_What to work on_: In how many lines of these records does the word "Photo" appear? Give the number by itself.

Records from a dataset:

--------------------------------------------------

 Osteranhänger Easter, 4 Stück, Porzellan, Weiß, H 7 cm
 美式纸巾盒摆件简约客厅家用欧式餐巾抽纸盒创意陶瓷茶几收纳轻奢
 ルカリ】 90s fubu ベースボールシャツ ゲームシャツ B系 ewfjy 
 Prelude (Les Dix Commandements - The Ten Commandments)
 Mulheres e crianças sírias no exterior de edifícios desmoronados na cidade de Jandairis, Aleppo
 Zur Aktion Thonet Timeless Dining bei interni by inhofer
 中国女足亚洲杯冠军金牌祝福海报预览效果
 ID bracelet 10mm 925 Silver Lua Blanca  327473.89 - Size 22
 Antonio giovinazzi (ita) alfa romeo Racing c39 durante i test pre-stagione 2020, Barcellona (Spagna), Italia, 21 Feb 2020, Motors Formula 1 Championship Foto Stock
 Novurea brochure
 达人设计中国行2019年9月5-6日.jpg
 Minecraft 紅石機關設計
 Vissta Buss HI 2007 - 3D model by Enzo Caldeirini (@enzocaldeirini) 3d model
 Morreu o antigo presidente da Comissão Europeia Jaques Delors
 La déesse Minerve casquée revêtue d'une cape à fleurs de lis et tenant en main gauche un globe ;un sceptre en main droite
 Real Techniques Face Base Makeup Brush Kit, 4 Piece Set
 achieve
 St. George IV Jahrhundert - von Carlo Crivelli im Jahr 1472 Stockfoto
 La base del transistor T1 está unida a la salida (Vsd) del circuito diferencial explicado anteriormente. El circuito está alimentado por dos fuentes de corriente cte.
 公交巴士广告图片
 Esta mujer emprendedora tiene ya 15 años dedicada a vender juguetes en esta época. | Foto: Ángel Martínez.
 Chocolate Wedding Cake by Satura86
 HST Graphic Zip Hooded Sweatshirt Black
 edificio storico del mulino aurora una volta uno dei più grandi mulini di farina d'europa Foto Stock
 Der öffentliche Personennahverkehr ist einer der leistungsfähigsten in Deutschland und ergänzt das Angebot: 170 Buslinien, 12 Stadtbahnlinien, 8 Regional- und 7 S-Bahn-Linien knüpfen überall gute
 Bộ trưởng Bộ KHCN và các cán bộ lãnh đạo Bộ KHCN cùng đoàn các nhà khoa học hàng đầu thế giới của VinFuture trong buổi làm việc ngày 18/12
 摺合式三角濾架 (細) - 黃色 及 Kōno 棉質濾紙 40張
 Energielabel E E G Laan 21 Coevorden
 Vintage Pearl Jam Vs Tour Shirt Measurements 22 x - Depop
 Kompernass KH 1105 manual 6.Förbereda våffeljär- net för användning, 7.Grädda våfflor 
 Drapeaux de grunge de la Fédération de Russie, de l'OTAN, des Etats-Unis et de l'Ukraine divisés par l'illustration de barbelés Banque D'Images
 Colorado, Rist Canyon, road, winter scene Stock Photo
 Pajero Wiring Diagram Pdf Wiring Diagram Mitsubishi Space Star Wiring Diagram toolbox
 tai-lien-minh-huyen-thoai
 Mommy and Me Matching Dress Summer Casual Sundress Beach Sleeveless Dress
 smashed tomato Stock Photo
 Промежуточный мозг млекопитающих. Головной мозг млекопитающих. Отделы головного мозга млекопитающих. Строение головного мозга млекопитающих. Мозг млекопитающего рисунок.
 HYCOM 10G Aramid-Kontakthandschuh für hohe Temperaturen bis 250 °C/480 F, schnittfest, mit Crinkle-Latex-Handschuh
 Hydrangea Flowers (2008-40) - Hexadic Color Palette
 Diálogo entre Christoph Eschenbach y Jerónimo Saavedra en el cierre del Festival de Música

--------------------------------------------------

_Task response_: 2